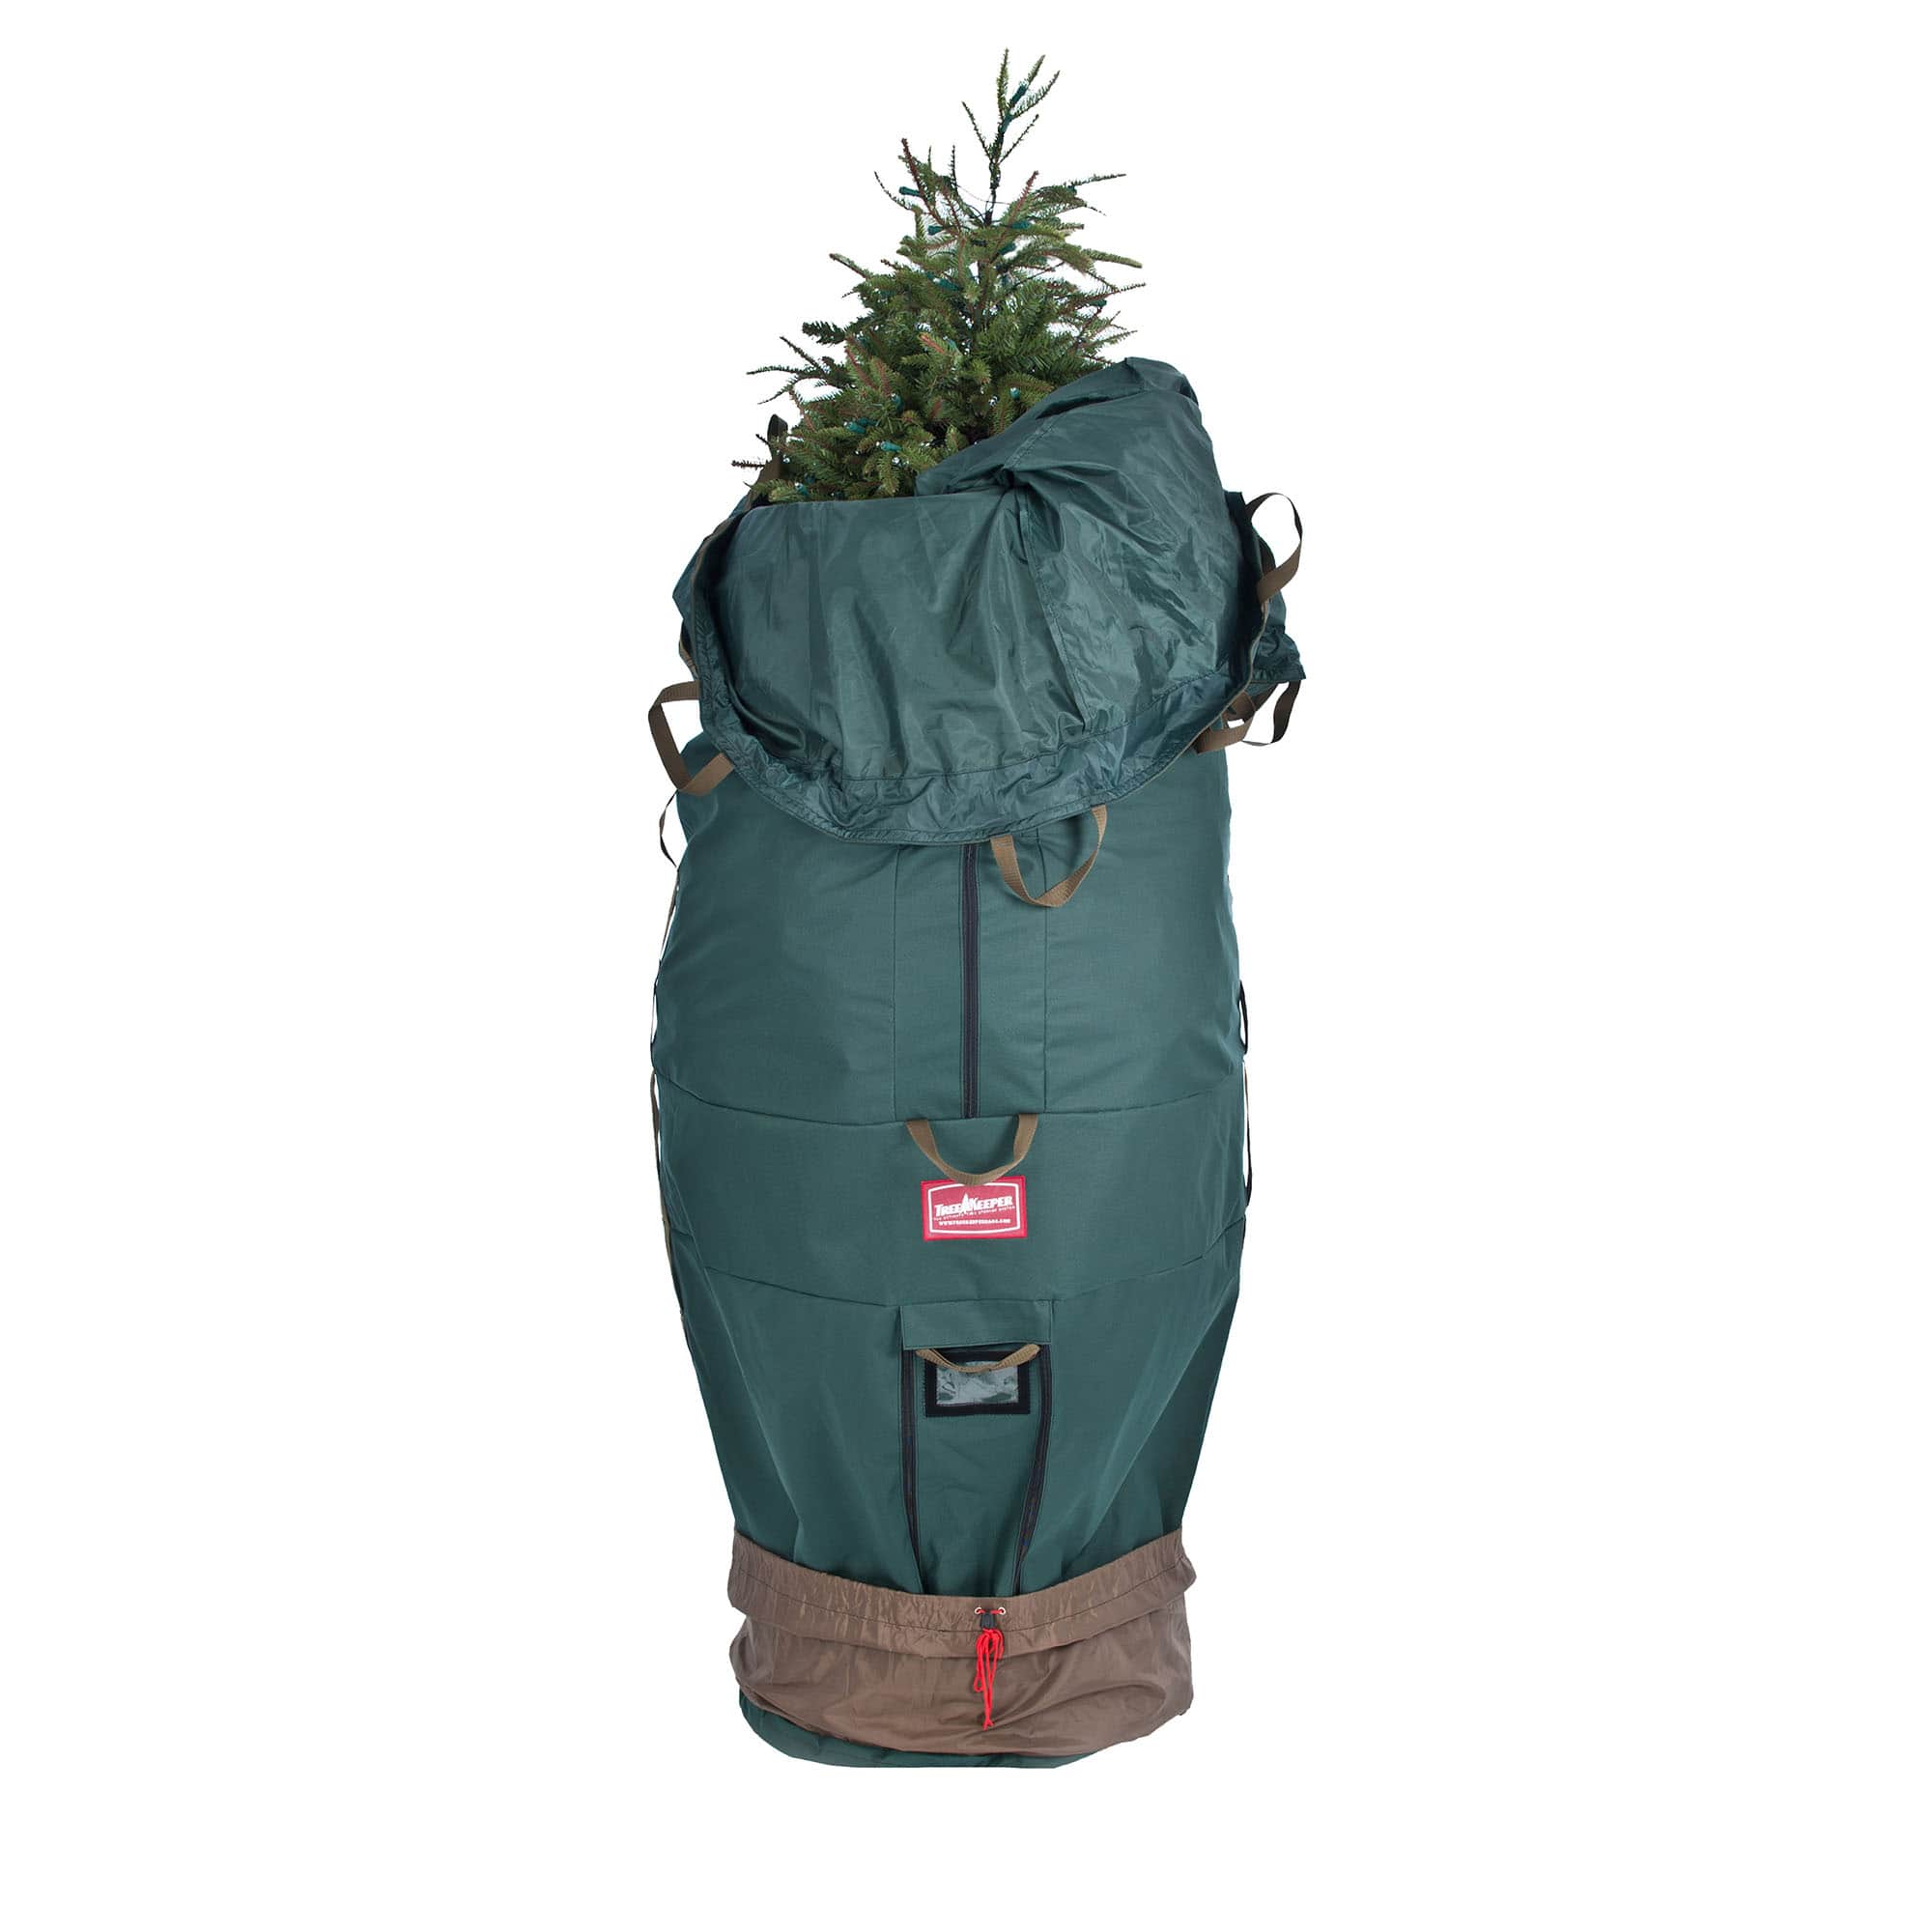 TreeKeeper 7-9ft. Large Girth Upright Tree Storage Bag
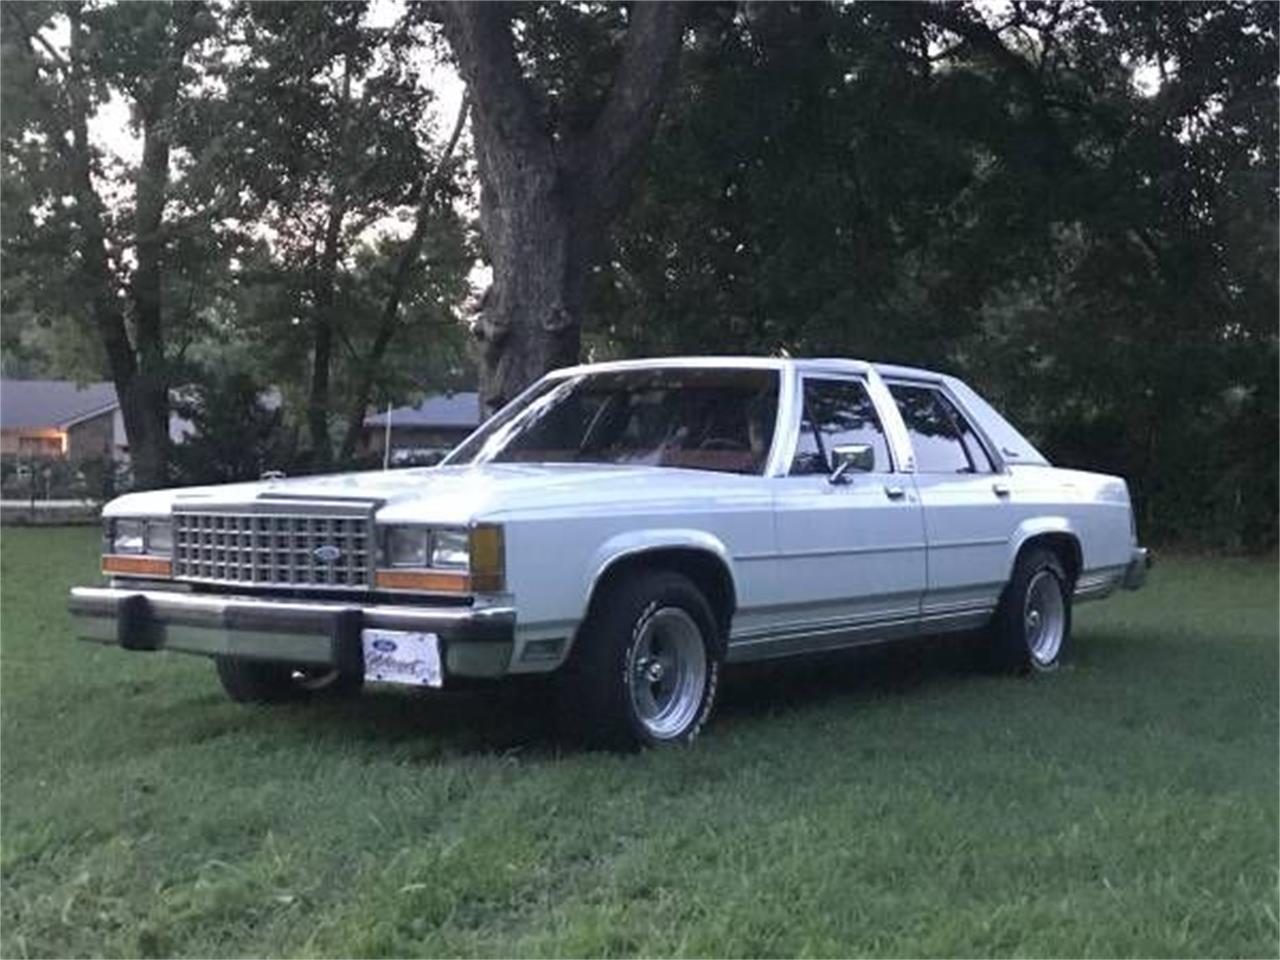 For Sale: 1986 Ford LTD in Cadillac, Michigan.
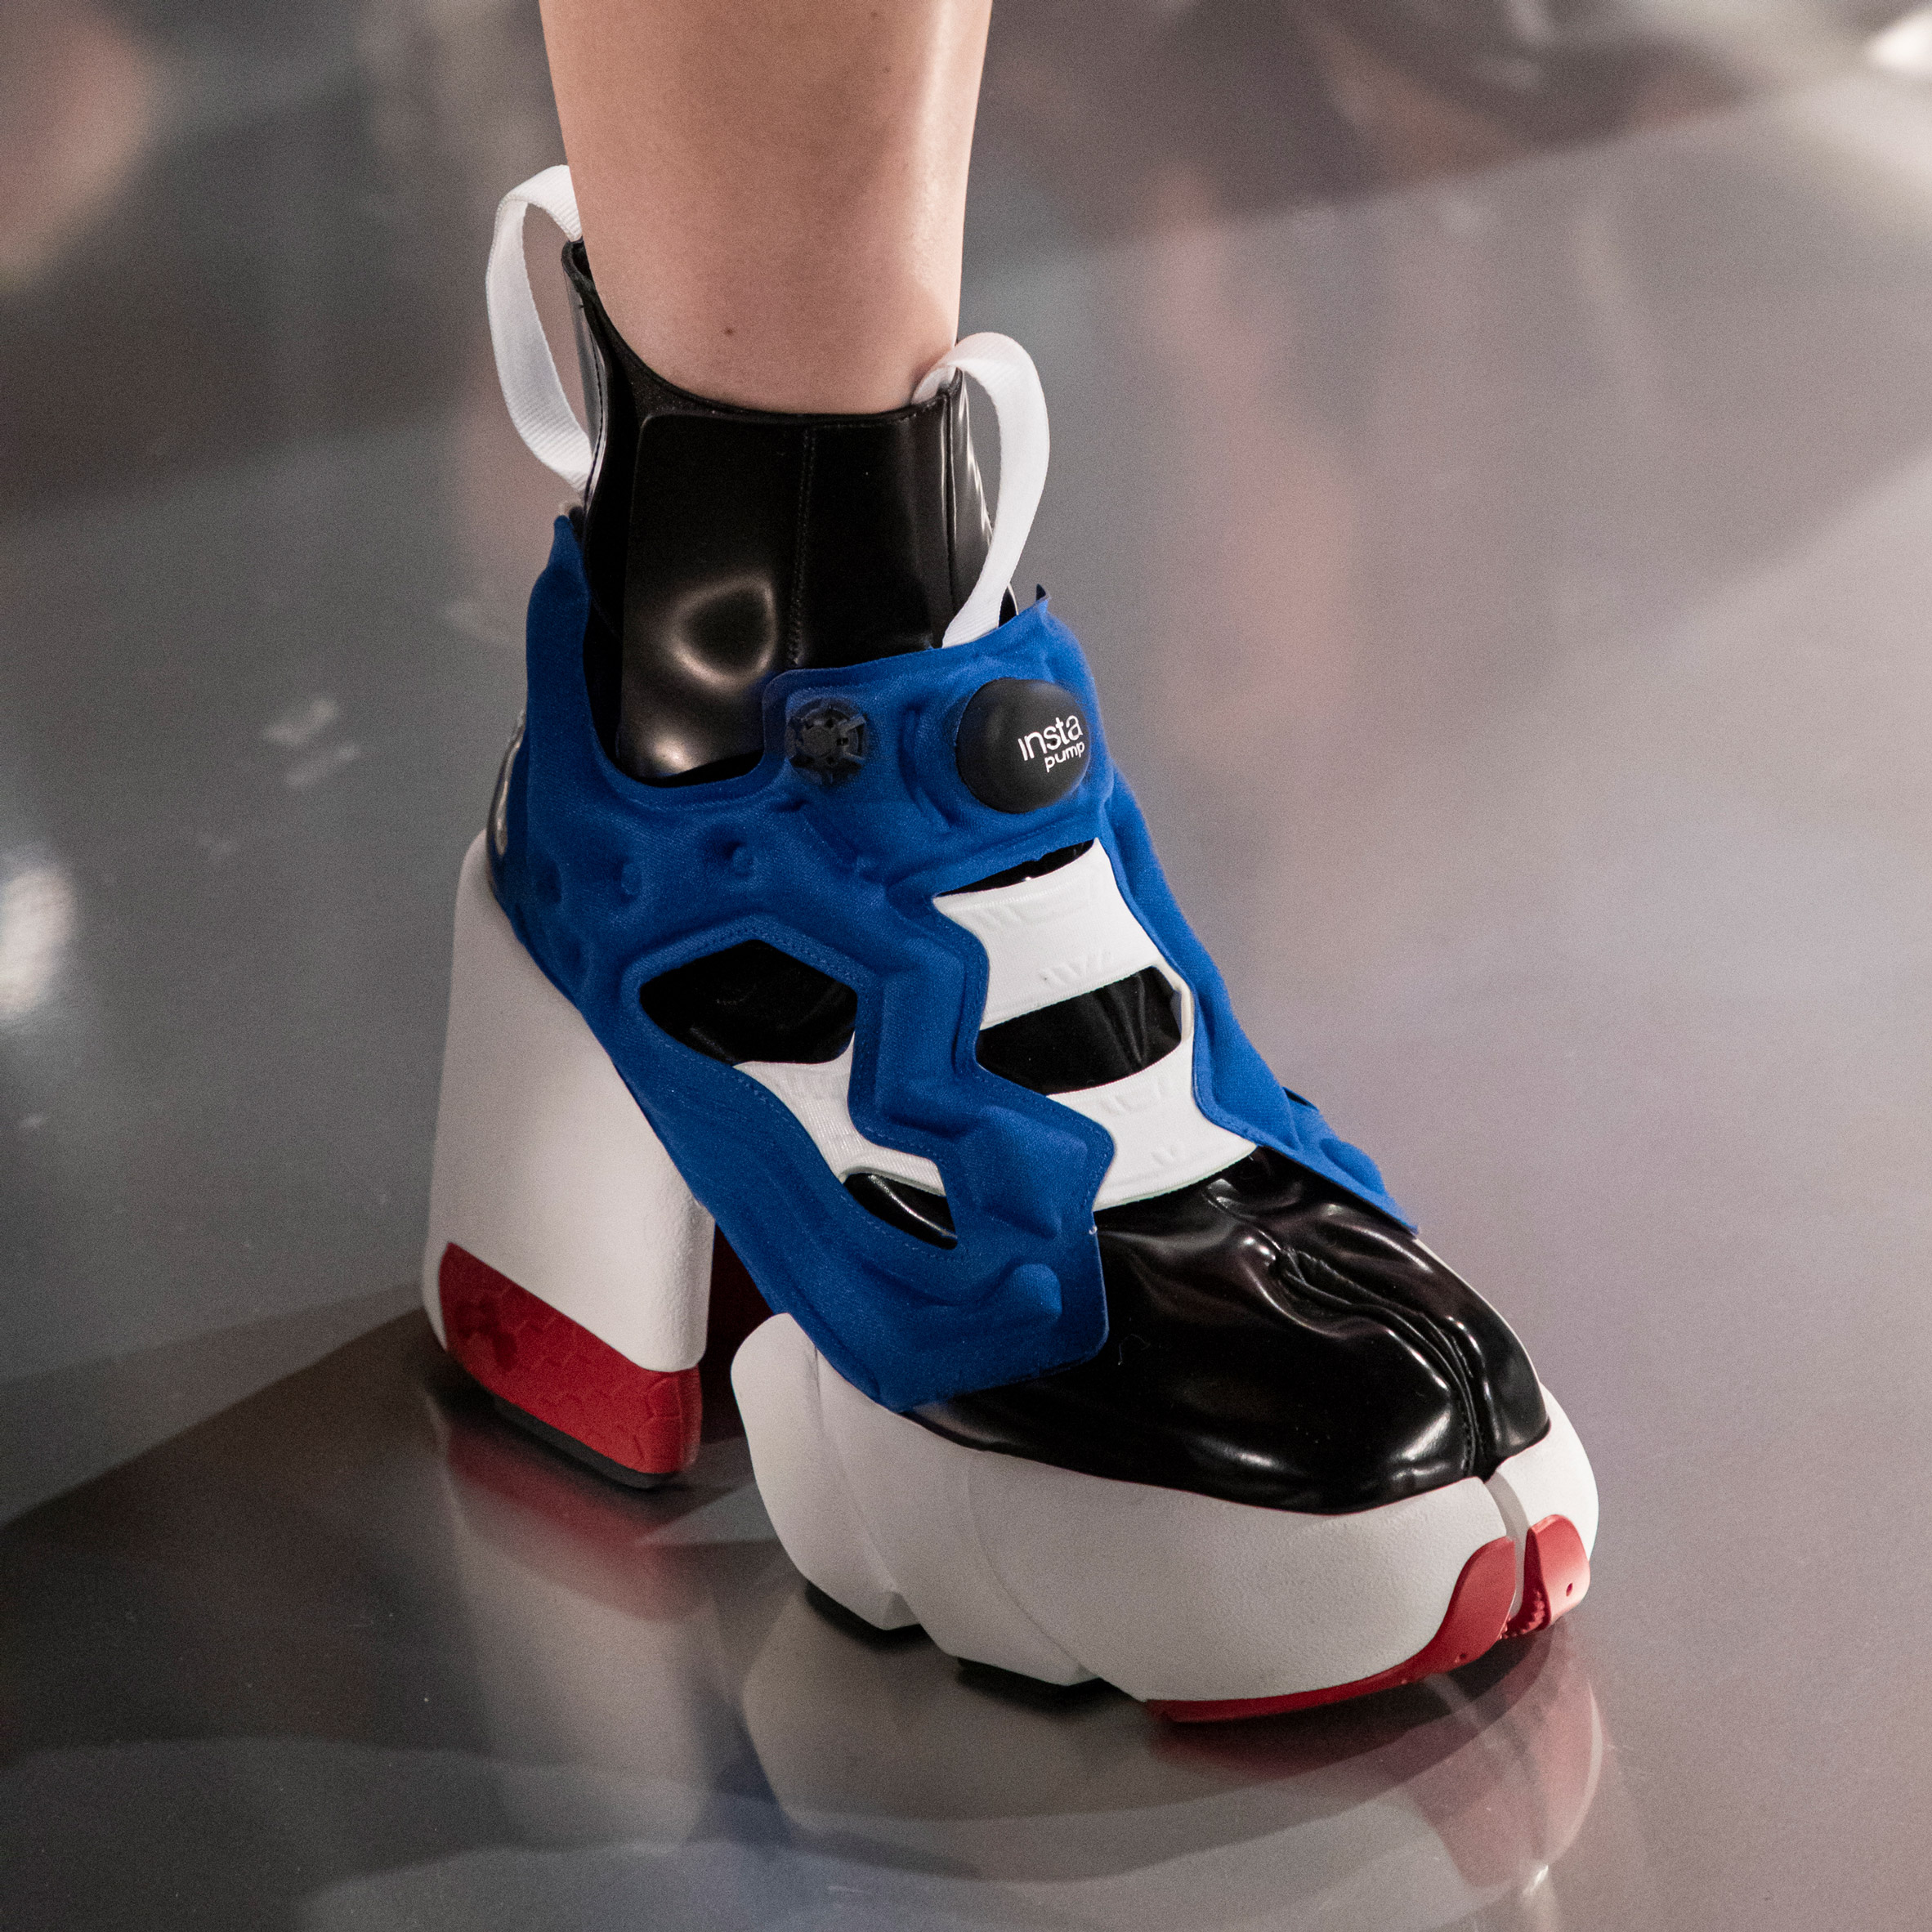 Maison Margiela and Reebok design split-toe sneakers for the

━━━━━━━━━━━━━━━━━━━━

Except for the pictures, please retype the listing above exactly.

### REPLY
 TreeKeeper 7-9ft. Large Girth Upright Tree Storage Bag
 For Sale: 1986 Ford LTD in Cadillac, Michigan.
 Maison Margiela and Reebok design split-toe sneakers for the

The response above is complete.